Cahier critique 27/05/2020

“Saint-Tropez, devoir de vacances” de Paul Paviot

Saint-Trop’, Vian, Paviot, Piccoli...

Saint-Tropez, devoir de vacances est un film aussi foisonnant par ce qu’il montre que par ce qu’il suggère. Le cinéaste Paul Paviot, grand court-métragiste, qui n’a su se faire un nom dans le long métrage, a été le compagnon de route d’Alain Resnais (qui co-monte ce film), Chris Marker (qui écrit le commentaire de Django Reinhardt, 1957), de Boris Vian et de beaucoup d’autres artistes et acteurs de l’après-guerre qui ébauchèrent une véritable contre-culture en avance sur celle du Nouveau continent. Paviot conçoit Saint-Tropez, devoir de vacances alors qu’il achève sa célèbre “trilogie parodique” qui donnera une notoriété trouble et décalée au jeune acteur Michel Piccoli, présent dans les trois opus (1). Il s’agissait de prendre le contre-pied de l’aura dont Henri Langlois et ses amis dotaient alors le cinéma américain en s’en moquant tout en en respectant les mythes à défaut des règles. En même temps, ces films ébauchaient les canons de ce que devenait le court métrage d’alors, une forme de cinéma à part entière, et non un long métrage en réduction : l’ellipse, le “bon mot”, le poème habillaient de manière riche et inattendue ces travaux. En 1953, Paul Paviot sera un des signataires du manifeste du Groupe des Trente en faveur du court métrage. Boris Vian comme Paul Paviot et beaucoup d’autres se voulaient des touche-à-tout. Saint-Tropez, devoir de vacances en porte la marque.

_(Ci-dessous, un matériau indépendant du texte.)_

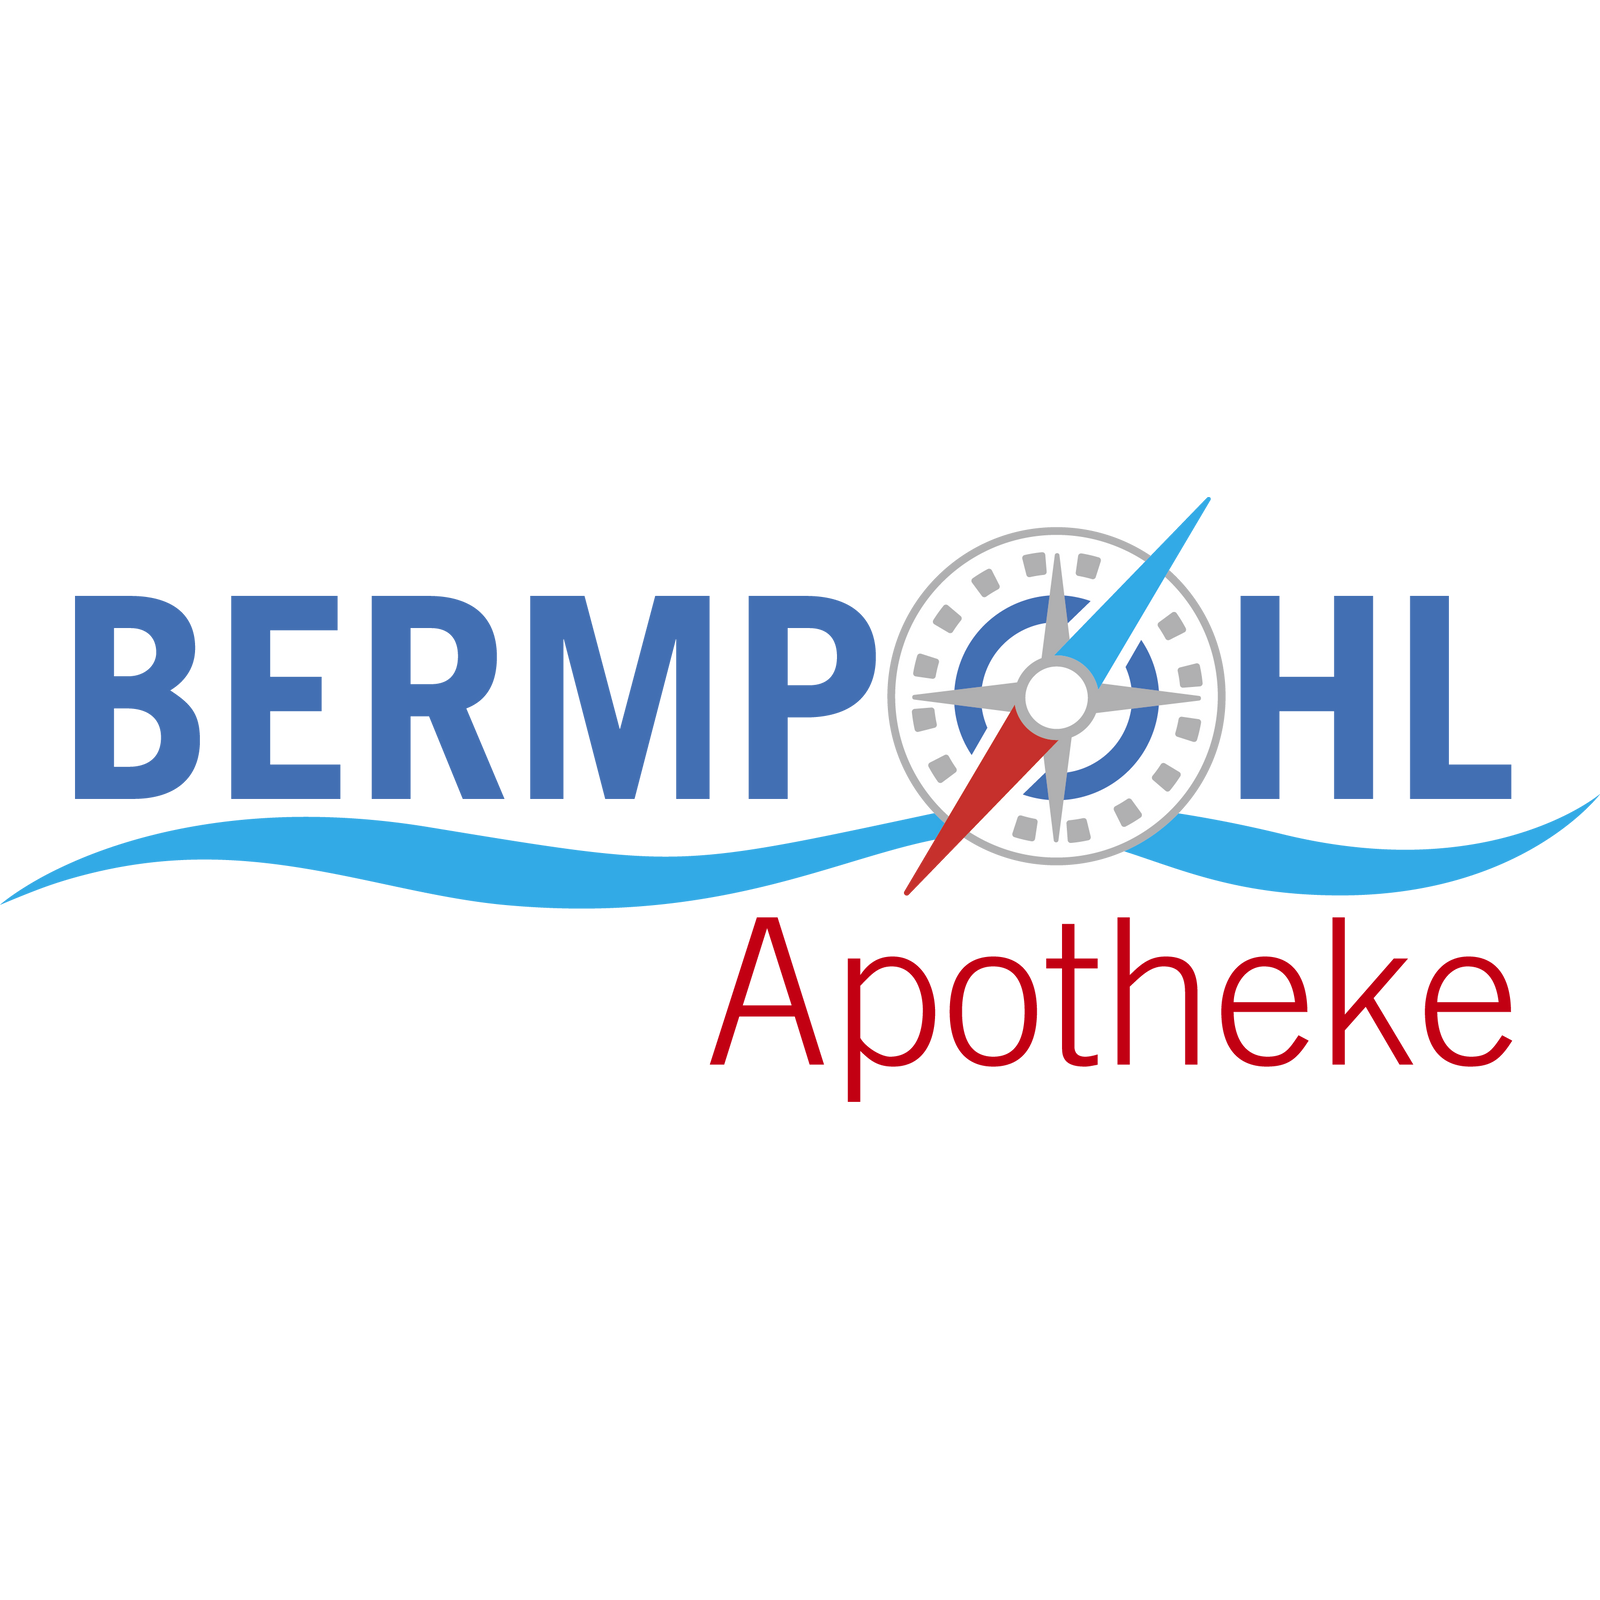 Bermpohl-Apotheke in Bremen - Logo
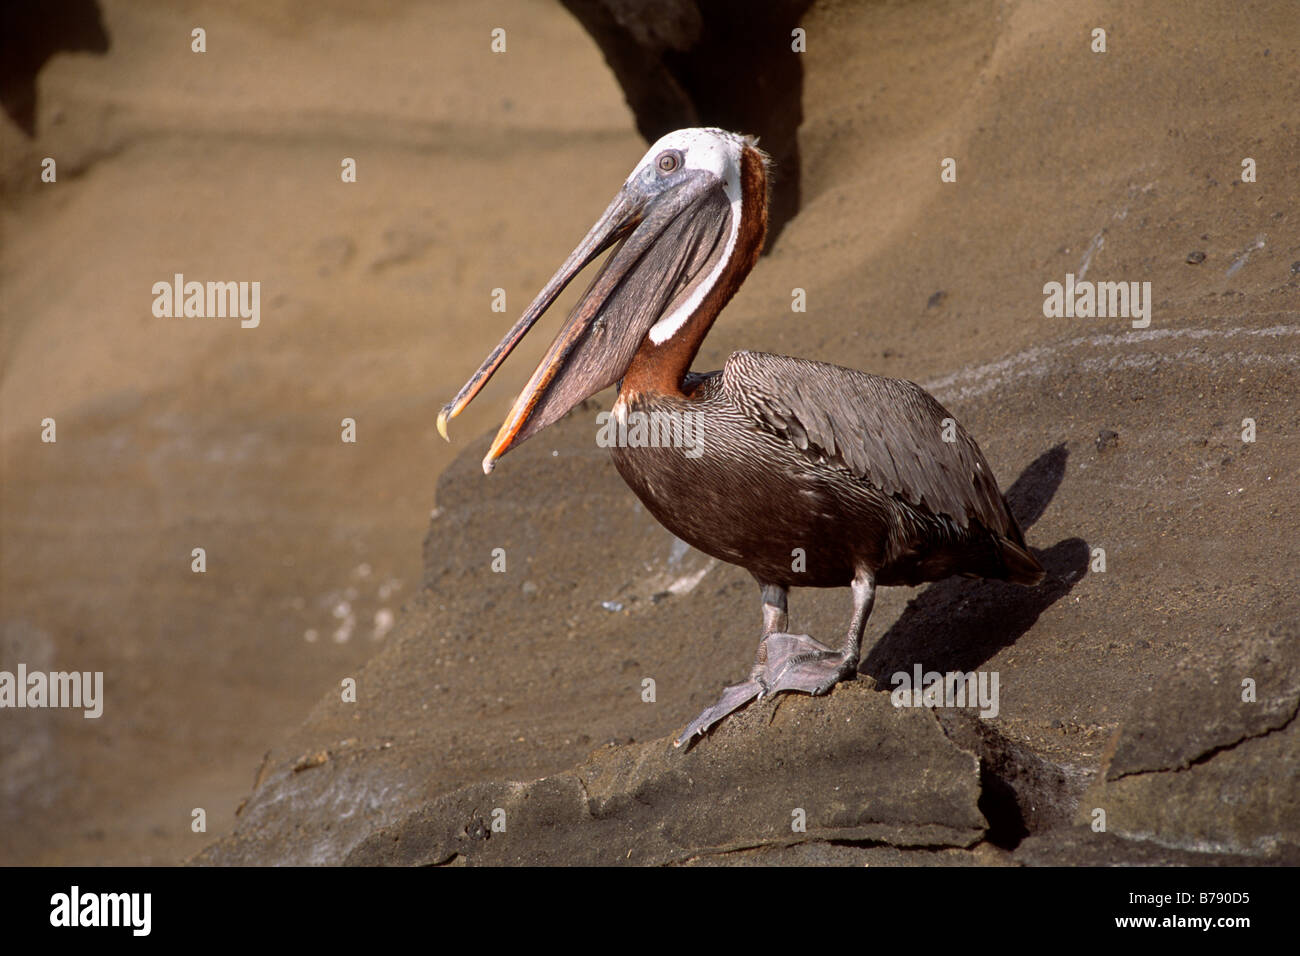 Brown Pelican (Pelecanus occidentalis) puffing, Insel Isabela, Galapagos Inseln, Galapagos Islands, Ecuador, South America Stock Photo

Cette commune du Var commence à devenir une station balnéaire au sortir de la guerre, de manière encore modeste : Brigitte Bardot et Dick Rivers ne sont pas encore passés par là. Paul Paviot aborde le patelin sous l’angle géographique et un peu historique : description des places, des rues, des plages, des statues (celle du célèbre Bailli de Suffren) et monuments, des habitudes des locaux. Vian lie son commentaire (bien servi par la voix de Daniel Gélin) au noviciat d’un jeune Parisien, Gérard (Pichel Piccoli), qui découvre une ville en mutation avec des acteurs venus de Paris. Les véritables stars (Juliette Gréco, Odette Joyeux, Pierre Brasseur) se mêlent à des personnages fictifs, la comtesse (Éléonore Hirt) ou la jeune délurée Alice Dupont (Josée Doucet), qui esquissent de mini-intrigues avec divers locaux ou visiteurs. La greffe entre Saint-Germain-des-Prés et Saint-Tropez prendra t-elle ? Tel semble être le sous-texte du film. Le défi demeure présent tout au long des années 1950.

Gérard se fait inviter partout, croise des célébrités, assiste à l’inauguration d’un restaurant à la mode. Boris Vian, lui-même, traverse la ville avec une luxueuse voiture datant de… 1911. L’évocation des charmes d’une jeune Suédoise sont récurrents dans les commentaires : la Suédoise…un mythe de l’époque. Les belles Italiennes manquent encore à l’appel ! Et puis, Vian relativise : “Le monde est petit, l’Europe est petite, la France encore plus petite, mais Saint-Tropez, alors, vous savez, c’est tout petit, tout petit, tout petit.” Le commentaire plein de rebondissements est comme porté et dispatché par la musique de jazz d’André Hodeir, un nom connu à l’époque.

Saint-Tropez, devoir de vacances possède un ton décalé, auto-parodique, “essayiste”, et ceci avant les travaux de Chris Marker (dont Paviot produira Dimanche à Pékin en 1956). Rentré à Paris, Gérard raconte ses aventures tropéziennes : “Depuis que Gérard connaît les grands de ce monde, il voit l’univers à ses pieds”, conclut le commentaire. Mais, en fait, comme l’indique le titre, ce n’est qu’un “devoir de vacances” dont seule la postérité (que Vian prévoyait certainement) devrait valider le bien-fondé.

Raphaël Bassan

1. Terreur en Oklahoma (1951), Torticola contre Frankensberg (1952) et Chicago Digest (1952).

Réalisation et scénario : Paul Paviot. Image : Ghislain Cloquet. Montage : Alain Resnais et Andrée Sélignac.
Musique originale : André Hodeir. Interprétation : Michel Piccoli, Josée Doucet, Éléonore Hirt, Boris Vian, Ursula Kubler et Juliette Gréco. Production : Pavox Films.